Esas ideas triunfaron en Estados Unidos con el Movimiento de la Educación Progresista de John Dewey y, sobre todo, en Europa tras Mayo del 68. En cuanto a España, la filosofía educativa de la Institución Libre de Enseñanza fue aceptada tanto por liberales como por socialistas. En la escuela actual ha calado esa tradición que destierra el uso de la memoria, la disciplina, los exámenes y los contenidos impuestos desde fuera, y según la cual el niño debe aprender por sí mismo solo aquello que vaya despertando su interés. A la autora, las teorías pedagógicas progresistas, que se han extendido por el mundo occidental, le parecen alejadas del sentido común.

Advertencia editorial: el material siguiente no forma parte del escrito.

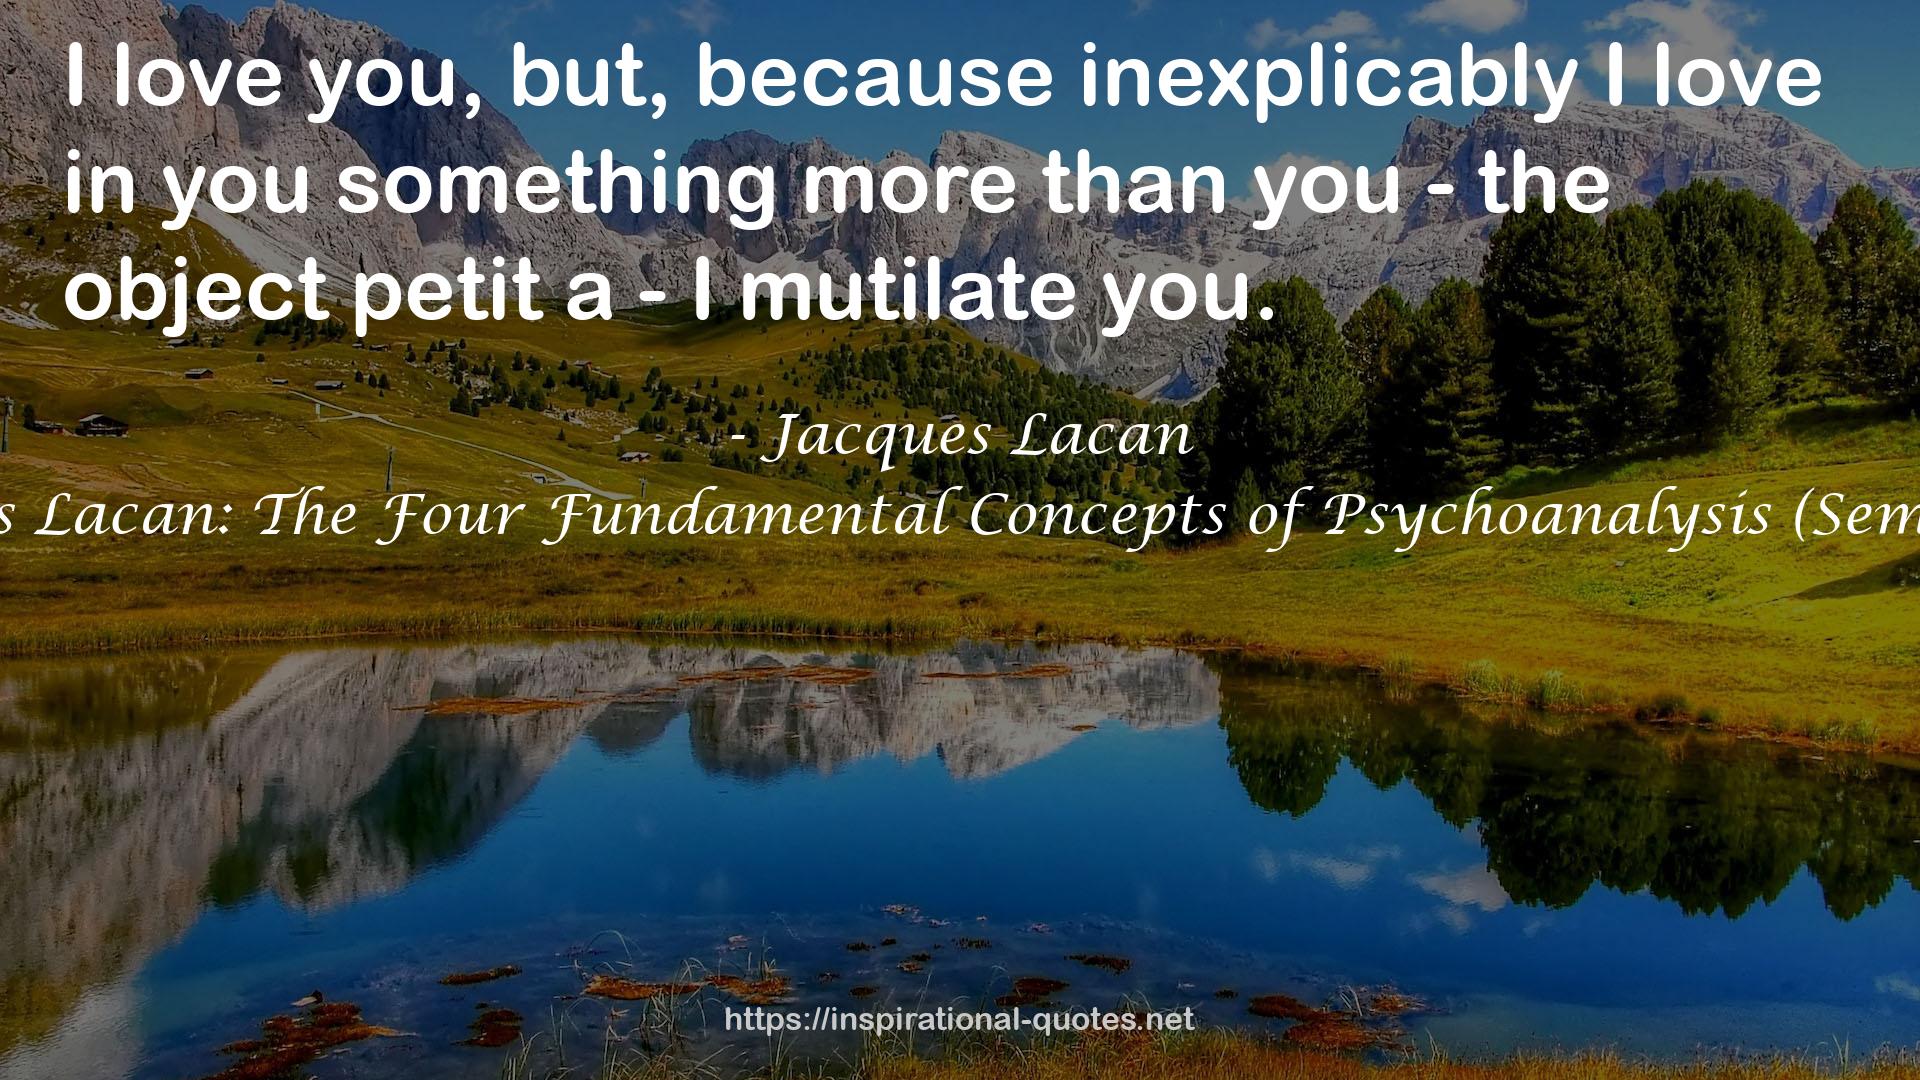 Jacques Lacan QUOTES

«Hoy resulta casi imposible hablar de selección de los mejores, de exámenes, de esfuerzo o de afán de superación. Se sigue pensando que los alumnos que triunfan son los que provienen de una burguesía ilustrada y que los que fracasan siempre son de clases desfavorecidas. Lo cual convierte a los malos alumnos en víctimas de un sistema injusto de enseñanza», escribe la autora. Pero «no hay escuela si no hay unos conocimientos que se quieran transmitir, unos profesores cualificados para transmitirlos y una institución cuya función sea velar por que esa transmisión se realice». Los informes PISA son elocuentes a este respecto: el abandono de los métodos tradicionales de enseñanza ha sido un grave error. La autora aboga por recuperar la disciplina y la autoridad de los profesores, hacer hincapié en el esfuerzo individual y en la transmisión de conocimientos, y reconocer el valor de los exámenes, como método para controlar la adquisición de conocimientos y como estímulo para el estudio. Especialmente en España donde «el mundo de la educación está ideológicamente dominado por la izquierda desde hace más de cincuenta años» y asistimos a un «delirio igualitarista» y a «adoctrinamiento en el wokismo» por parte de una izquierda que quiere construir un modelo nuevo de sociedad.
Artículo
La tesis de este libro es tan clara y rotunda como su título. Veámoslo en palabras de la propia autora: «El socialismo del siglo XXI, para que triunfe su modelo de sociedad, necesita una sociedad inculta y fácil de manipular». «La pasión por la igualdad ha matado el deseo de superación, la valoración del esfuerzo y el reconocimiento del mérito. Vamos a una sociedad de mediocres en la que se procura que nadie sepa más que nadie». «Ese abandono de la transmisión de saberes como eje esencial de cualquier sistema escolar, está llevando a la desaparición de la escuela como institución fundamental de los países occidentales. Esa desaparición, impulsada y dirigida por las fuerzas políticas de los partidos que se llaman del socialismo del siglo XXI… va a llevar consigo la desaparición de la propia civilización occidental». Es decir, este alarmado y alarmante trabajo de Alicia Delibes apunta a la desaparición de la civilización occidental a través de un pormenorizado seguimiento de la deriva de la educación desde la Revolución francesa hasta hoy.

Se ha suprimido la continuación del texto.